La violence et le sacré

René Girard

 

On ne peut pas recourir à la violence contre un individu sans s’exposer aux représailles d’autres individus, ses proches qui se font un devoir de venger leur proche.

 

 

Pourquoi la vengeance du sang, partout où elle sévit constitue-t-elle une menace insupportable ? La seule vengeance satisfaisante, devant le sang versé, consiste à verser le sang du criminel. Il n’y a pas de différence nette entre l’acte que la vengeance punit et la vengeance elle-même. La vengeance se veut représaille et toute représaille appelle de nouvelles représailles. Le crime que la vengeance punit ne se conçoit presque jamais lui-même comme premier ; il se veut déjà vengeance d’un crime plus originel.

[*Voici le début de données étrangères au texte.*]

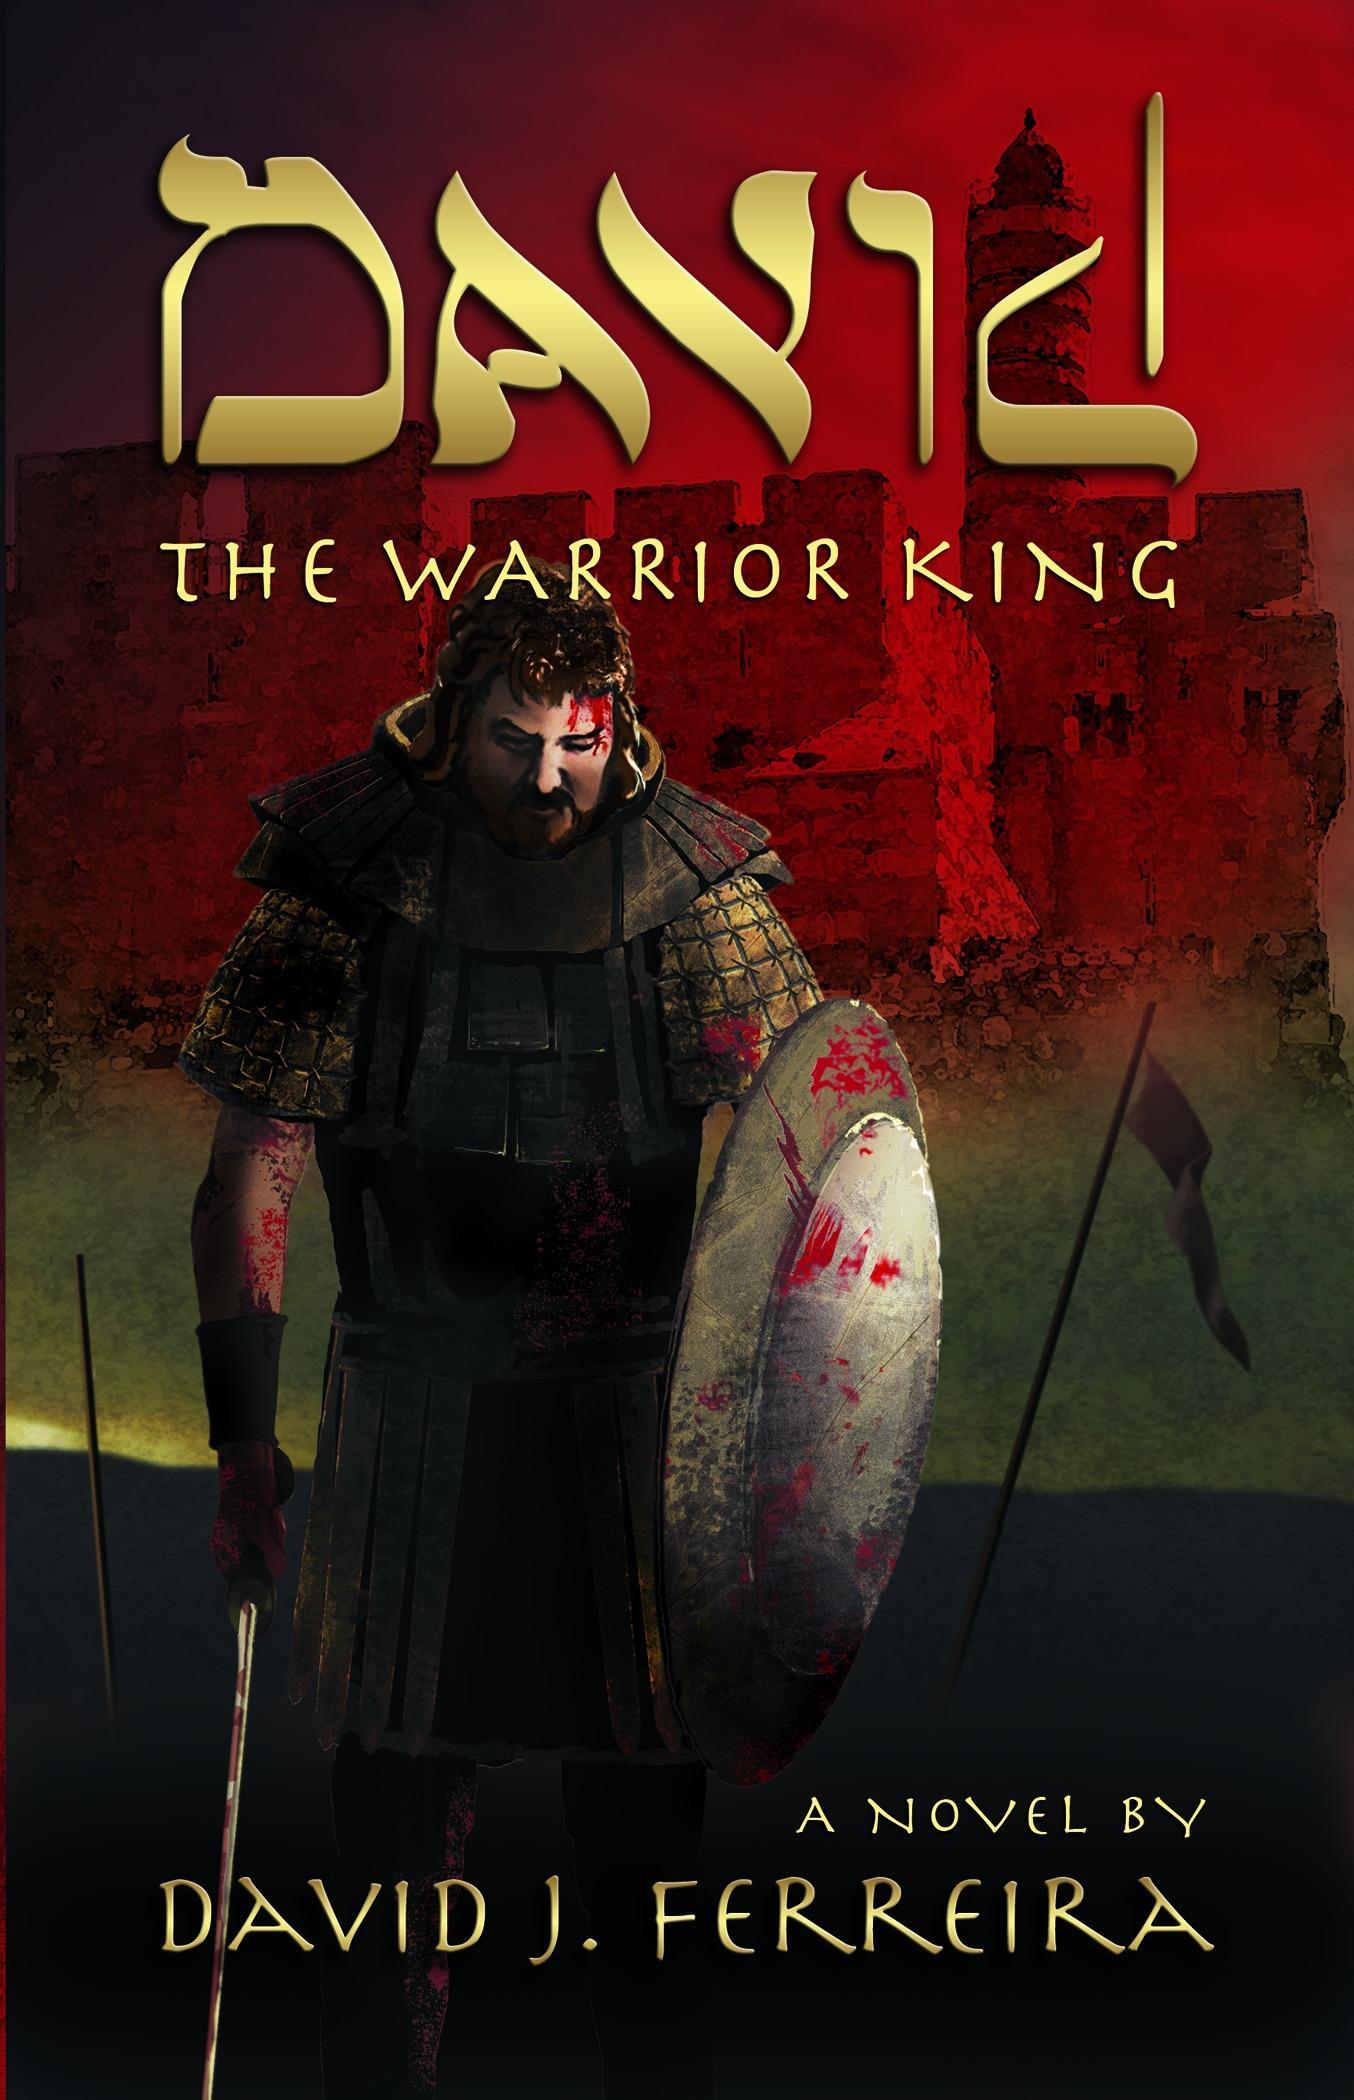 David: The Warrior King
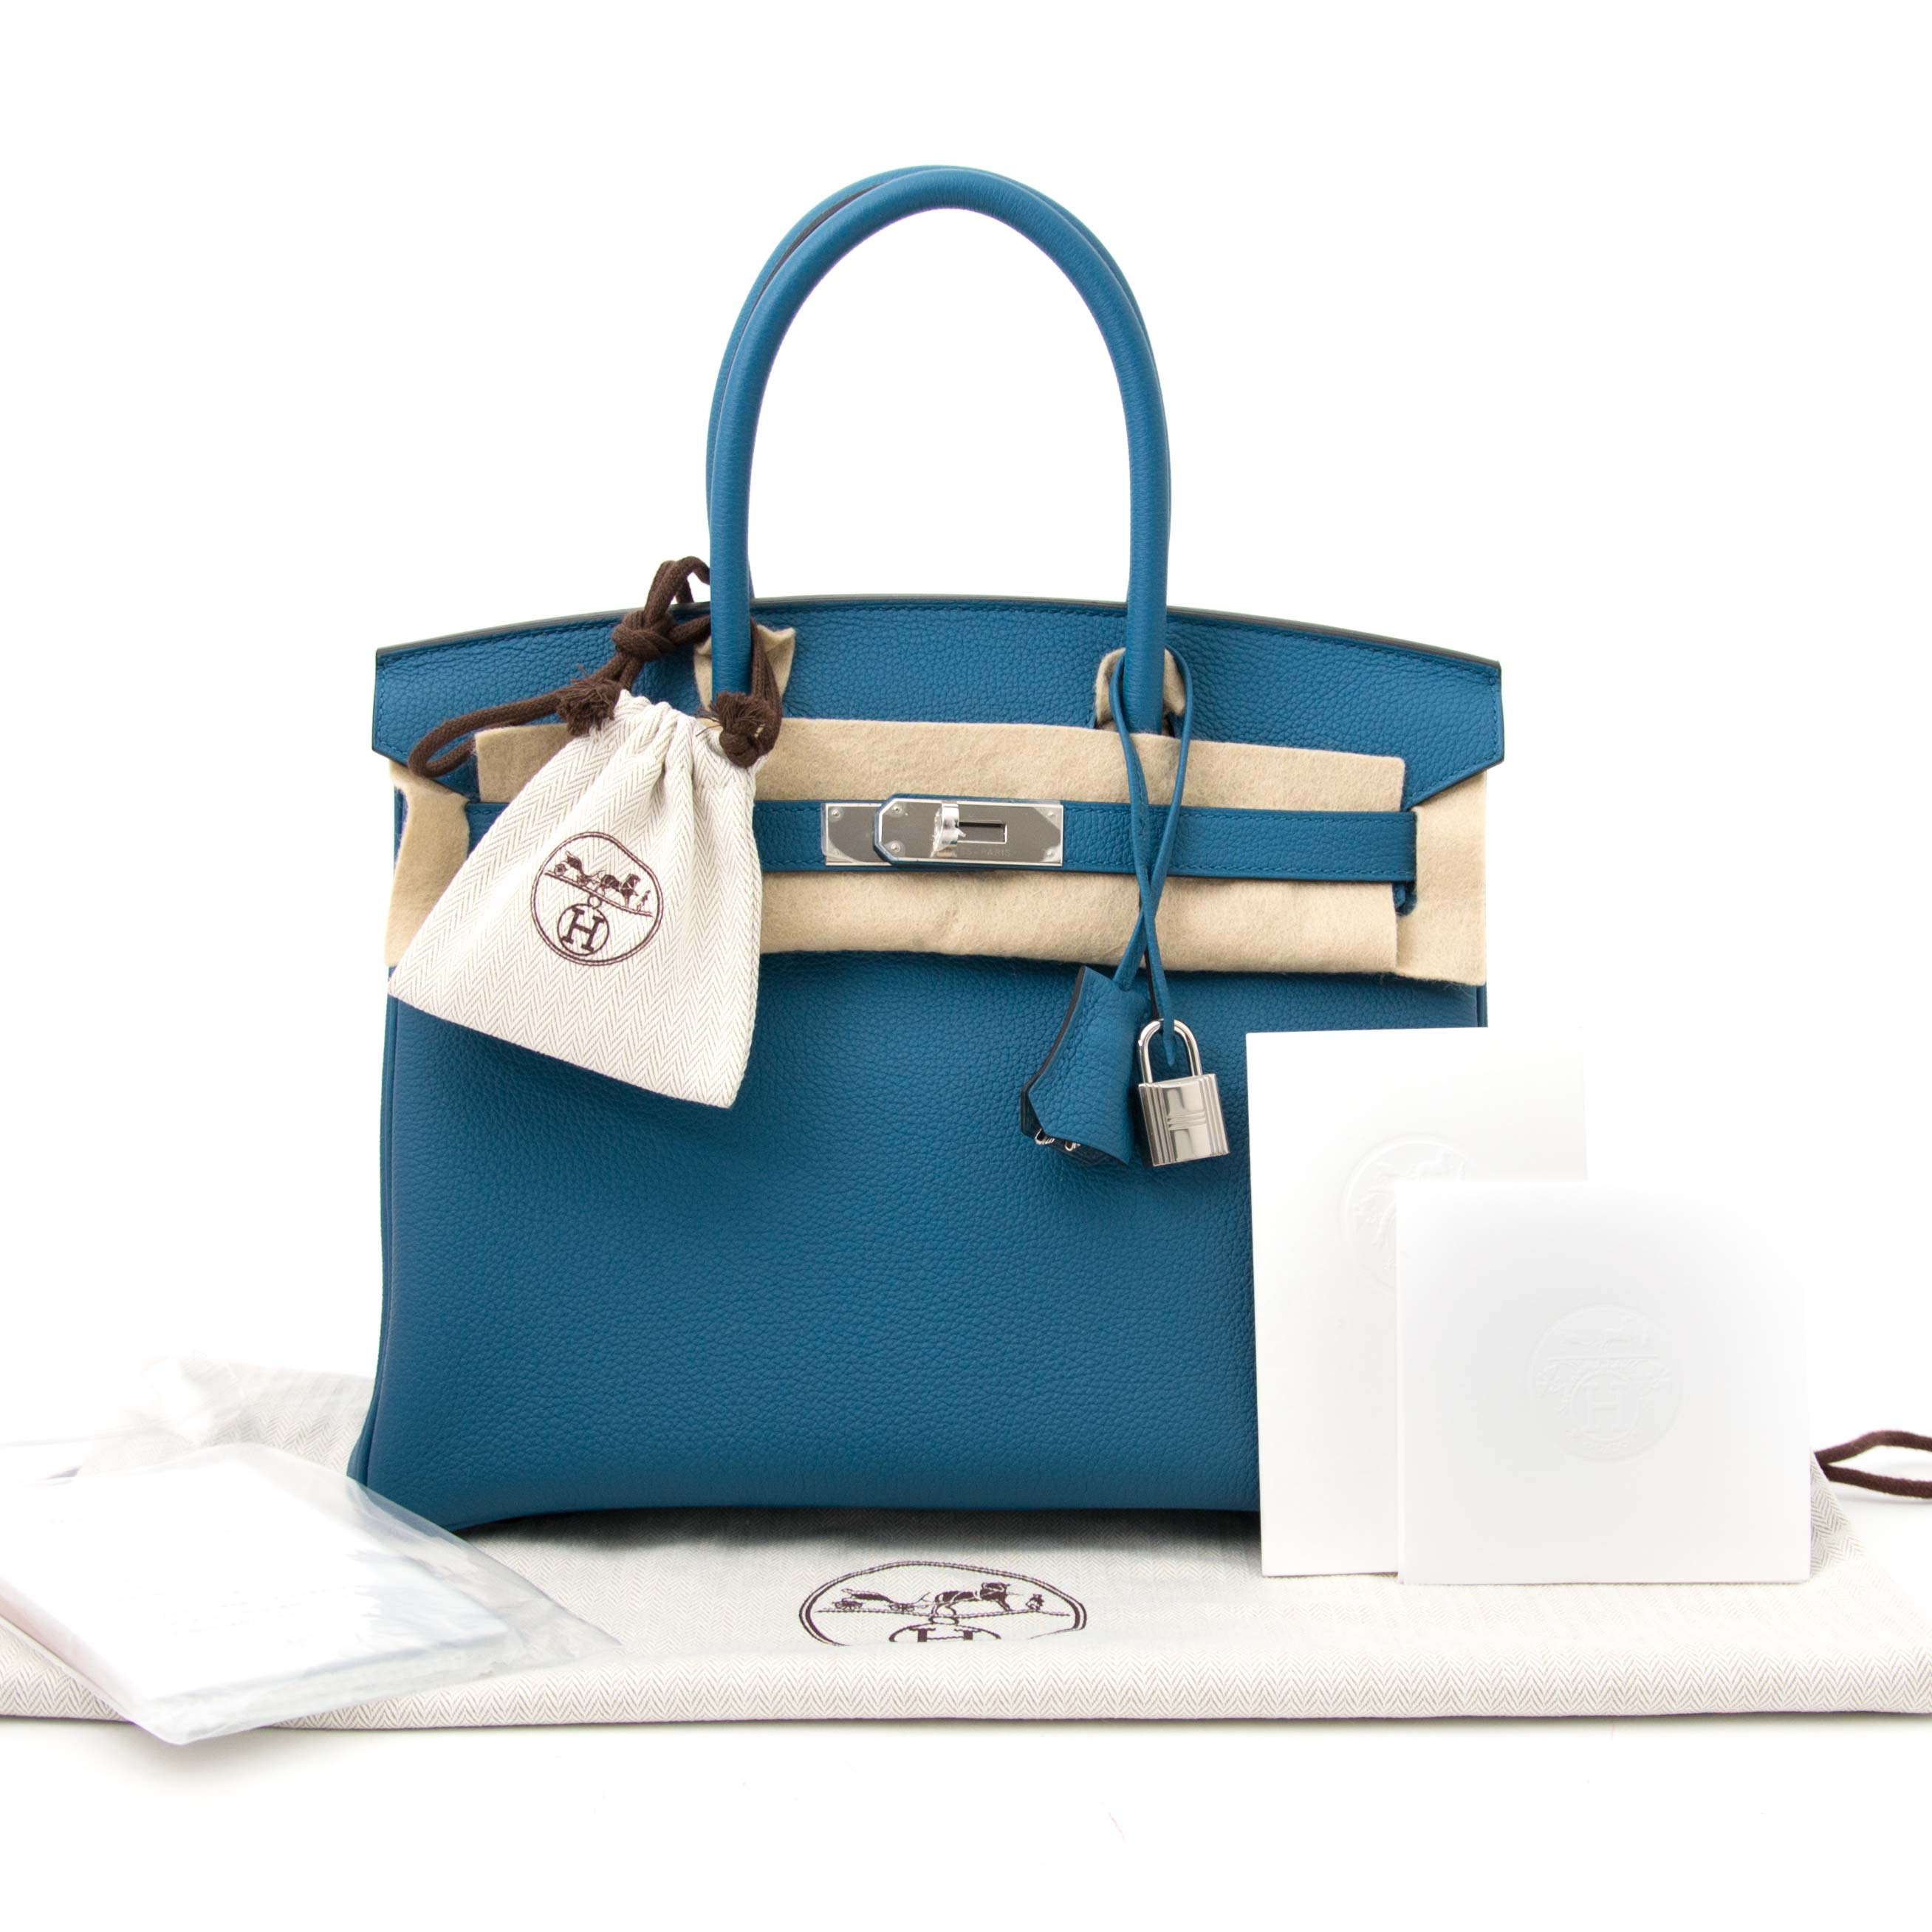 Market leader in Birkin and Kelly bags in Europe is Labellov in Antwerp

La vengeance constitue donc un processus infini, interminable. Chaque fois qu’elle surgit en un point quelconque d’une communauté, elle tend à s’étendre et à gagner l’ensemble du corps social. Elle risque de provoquer une véritable réaction en chaîne aux conséquences rapidement fatales dans une société de dimensions réduites ; La multiplication des représailles met en jeu l’existence même de la société. C’est pourquoi la vengeance fait partout l’objet d’un interdit très strict.

 

 

Ce n’est pas l’absence du principe de justice abstrait qui se révèle importante, mais le fait que l’action « légale » soit toujours aux mains des victimes elles-mêmes et de leurs proches. Tant qu’il n’y a pas d’organisme souverain et indépendant pour se substituer à la partie lésée et pour se réserver la vengeance, le danger d’une escalade interminable subsiste.

 

 

Le religieux vise toujours à apaiser la violence, à l’empêcher de se déchaîner. Les conduites religieuses et morales visent la non-violence de façon immédiate dans la vie quotidienne et de façon médiate, fréquemment, dans la vie rituelle, par l’intermédiaire paradoxal de la violence.

 

 

Dans les sociétés primitives, les procédés curatifs restent rudimentaires à nos yeux, nous voyons en eux de simples « tâtonnements » vers le système judiciaire car leur intérêt pragmatique est bien visible : ce n’est pas au coupable qu’on s’intéresse le plus mais aux victimes non vengées ; c’est d’elles que vient le péril le plus immédiat ; il faut donner à ces victimes une satisfaction strictement mesurée, celle qui apaisera leur désir de vengeance sans l’allumer ailleurs. Il ne s’agit pas de légiférer au sujet du bien et du mal, il ne s’agit pas de faire respecter une justice abstraite, il s’agit de préserver la sécurité du groupe en coupant court à la vengeance, de préférence par une réconciliation fondée sur une composition ou, si la réconciliation est impossible, par une rencontre armée, organisée de telle façon que la violence ne devait pas se propager aux alentours ; cette rencontre se déroulera en champ clos, sous une forme réglée, entre des adversaires bien déterminés ; elle aura lieu une fois pour toutes…

 

 

A partir du moment où il est seul à régner, le système judiciaire soustrait sa fonction aux regards. De même que le sacrifice, il dissimule – même si en même temps il révèle – ce qui fait de lui la même chose que la vengeance, une vengeance semblable à toutes les autres, différente seulement en ceci qu’elle n’aura pas de suites, qu’elle ne sera pas vengée. Dans le premier cas, c’est parce que la victime n’est pas la « bonne » qu’elle n’est pas vengée ; dans le second cas, c’est bien sur la « bonne » victime que s’abat la violence, mais elle s’abat avec une force et une autorité tellement massive qu’aucune riposte n’est possible.

 

 

Cette rationalisation de la vengeance repose sur l’indépendance souveraine de l’autorité judiciaire qui est mandatée une fois pour toutes et dont aucun groupe, pas même la collectivité unanime, en principe tout au moins, ne peut remettre en cause les décisions. Ne représentant aucun groupe particulier, elle est donc au service de tous et tous s’inclinent devant ses décisions. Seul le système judiciaire n’hésite jamais à frapper la violence en plein cœur parce qu’il possède sur la violence un monopole absolu. Grâce à ce monopole, il réussit, normalement, à étouffer la vengeance, au lieu de l’exaspérer, au lieu de l’étendre et de la multiplier, comme le ferait le même type de conduite dans une société primitive.

 

 

On ne peut pas se passer de la violence pour mettre fin à la violence. Mais c’est précisément pour cela que la violence est interminable. Chacun veut proférer le dernier mot de la violence et on va ainsi de représaille en représaille sans qu’aucune conclusion véritable intervienne jamais.